Can you imagine losing one-fifth of your customers in a single day, for good? That’s exactly what could happen if you don’t understand and focus on moments that matter. To avoid such a flop, insurers need to harness the power of data and build insights on moments of truths.
This will improve experience across channels and boost overall customer satisfaction which can be an engine of profitable growth. That is why, we believe:
• Customer experience (CX) needs to be measured and tracked at each MoT, with the same rigor as costs and revenue.
• Insurers need to keep CX at the centre when designing their customers’ journeys. Great experiences can only be created by putting customers’ needs and innovation at the centre of the organisation.
• Growth can be sparked through experience. Through measurable customer experiences and the right insights we can create growth, and more importantly: show impact
Achieving growth through experience and the right insights is real.
We have helped clients to win this game by leveraging PwC's experience-led framework - Growth through Experience (GtE).
With GtE, our clients were able to:
• Get a clear understanding of their ambition and growth goal.
• Identify the relevant KPIs that will measure customer experiences and identify potential growth opportunity areas to achieve that goal.
• Map the customer journey by digging into the current state of their experience.
• Craft innovative solutions at the Make stage and provide ‘out of the box’ experience.
• This framework helps to understand what a great experience is, so that we can create better experiences across every step of our customer’s journey.
Bottom line:
Every customer’s experience is unique. However, the complexity inherent in today’s insurance journey creates lots of opportunities to get it wrong. This complexity increases exponentially when adding the variables of product type, interaction channel, and customer persona.

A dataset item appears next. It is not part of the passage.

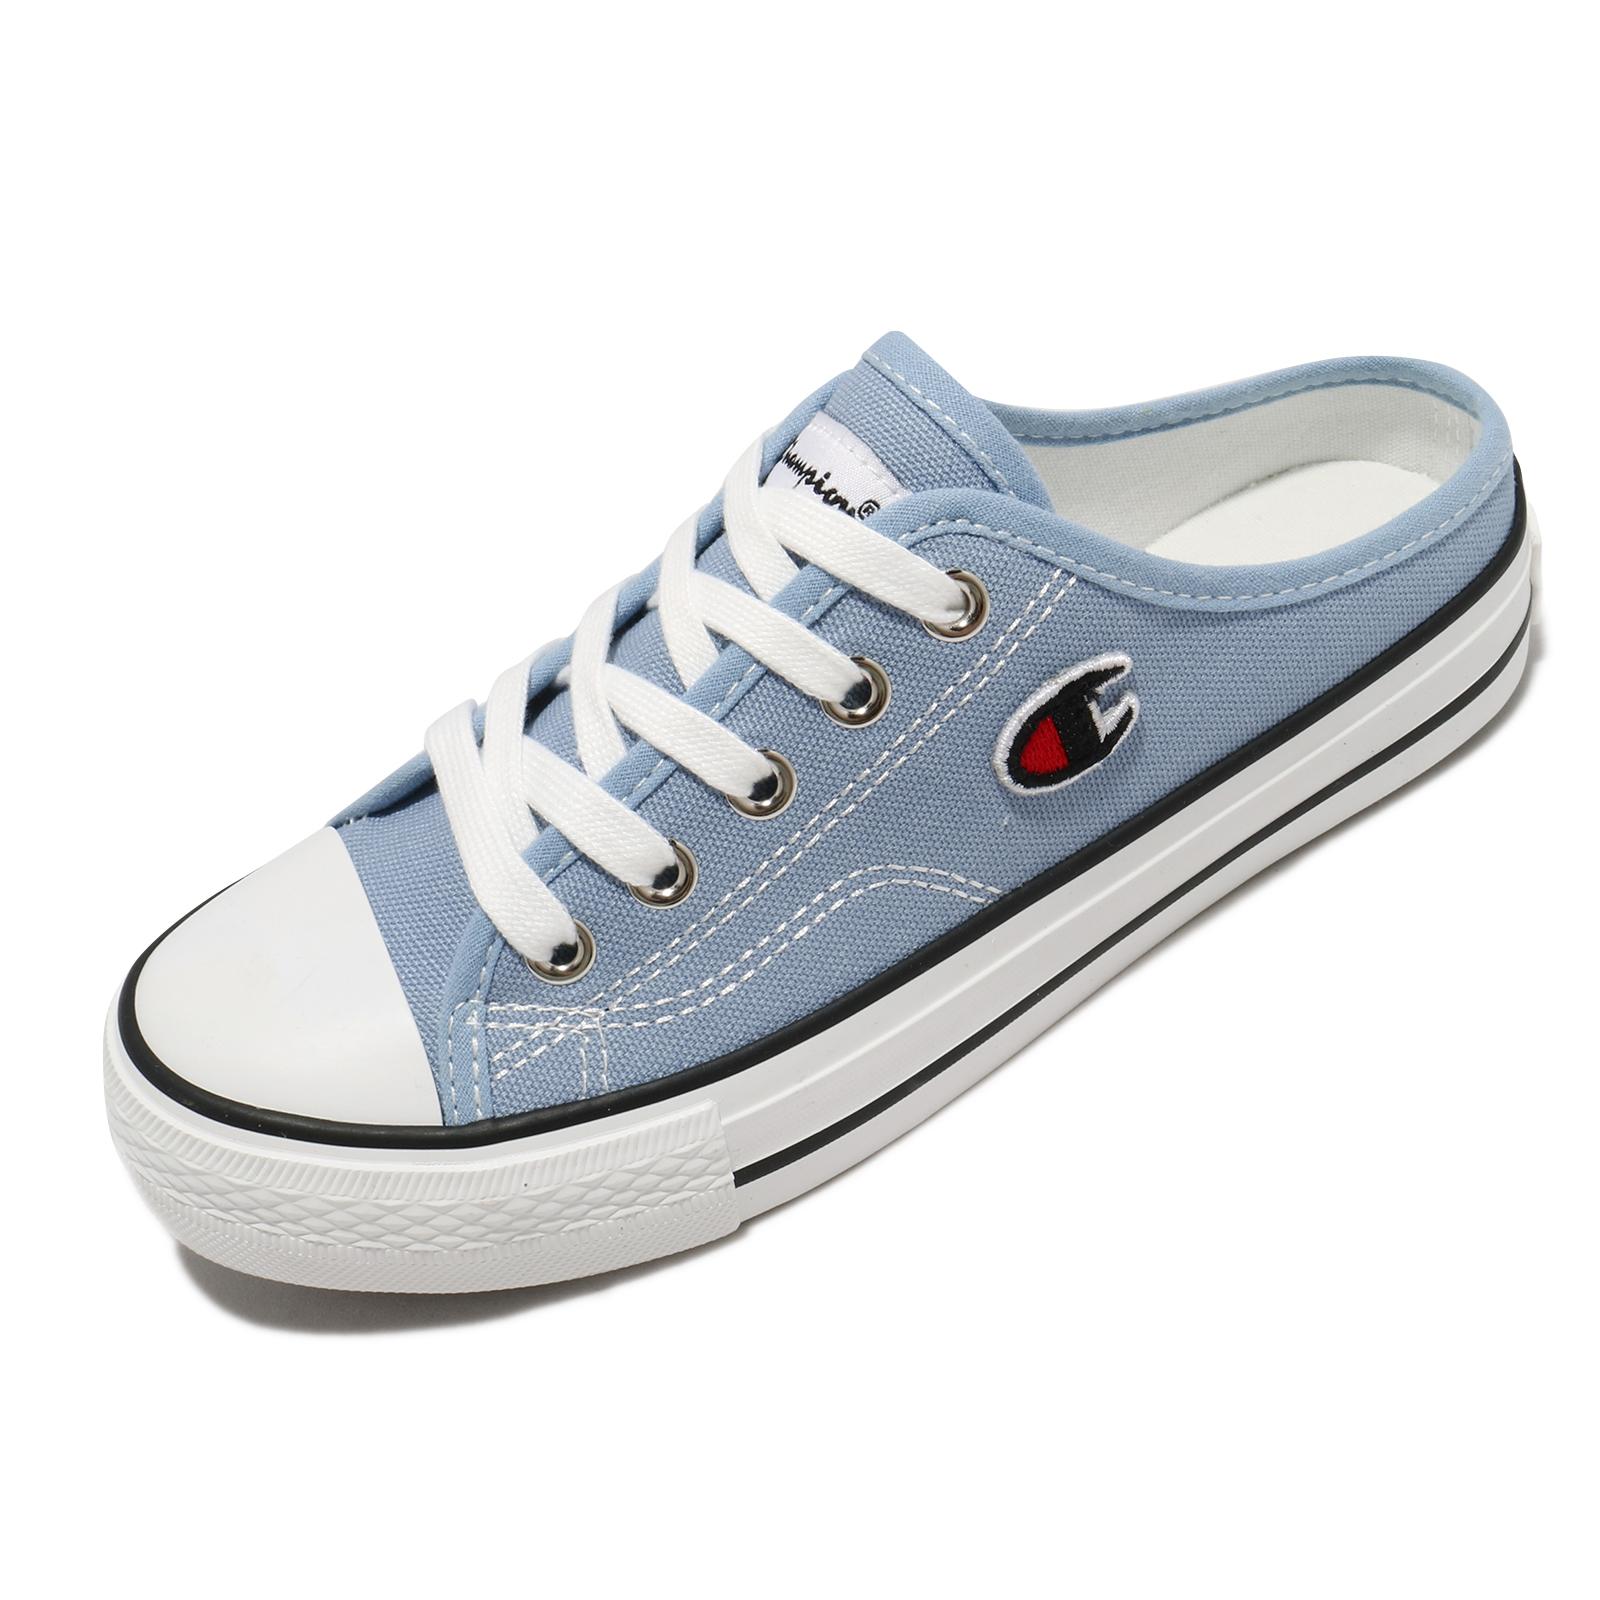 Champion 穆勒鞋 Canvas Slip 帆布鞋 女 淺藍 基本款 休閒鞋【ACS】 WSLS101460

Get that right, you will be giving customers a great experience and they’ll buy more, be more loyal and share their experience with friends who will in turn buy more, be more loyal and share their experience with their friends. And repeat.
And yes, this is nothing new but it is more important today as customer expectations have been deeply affected by COVID as well as digital innovation. Customers have more options, influence and demands, so understanding the moments of truths of our customers is crucial today to sustain.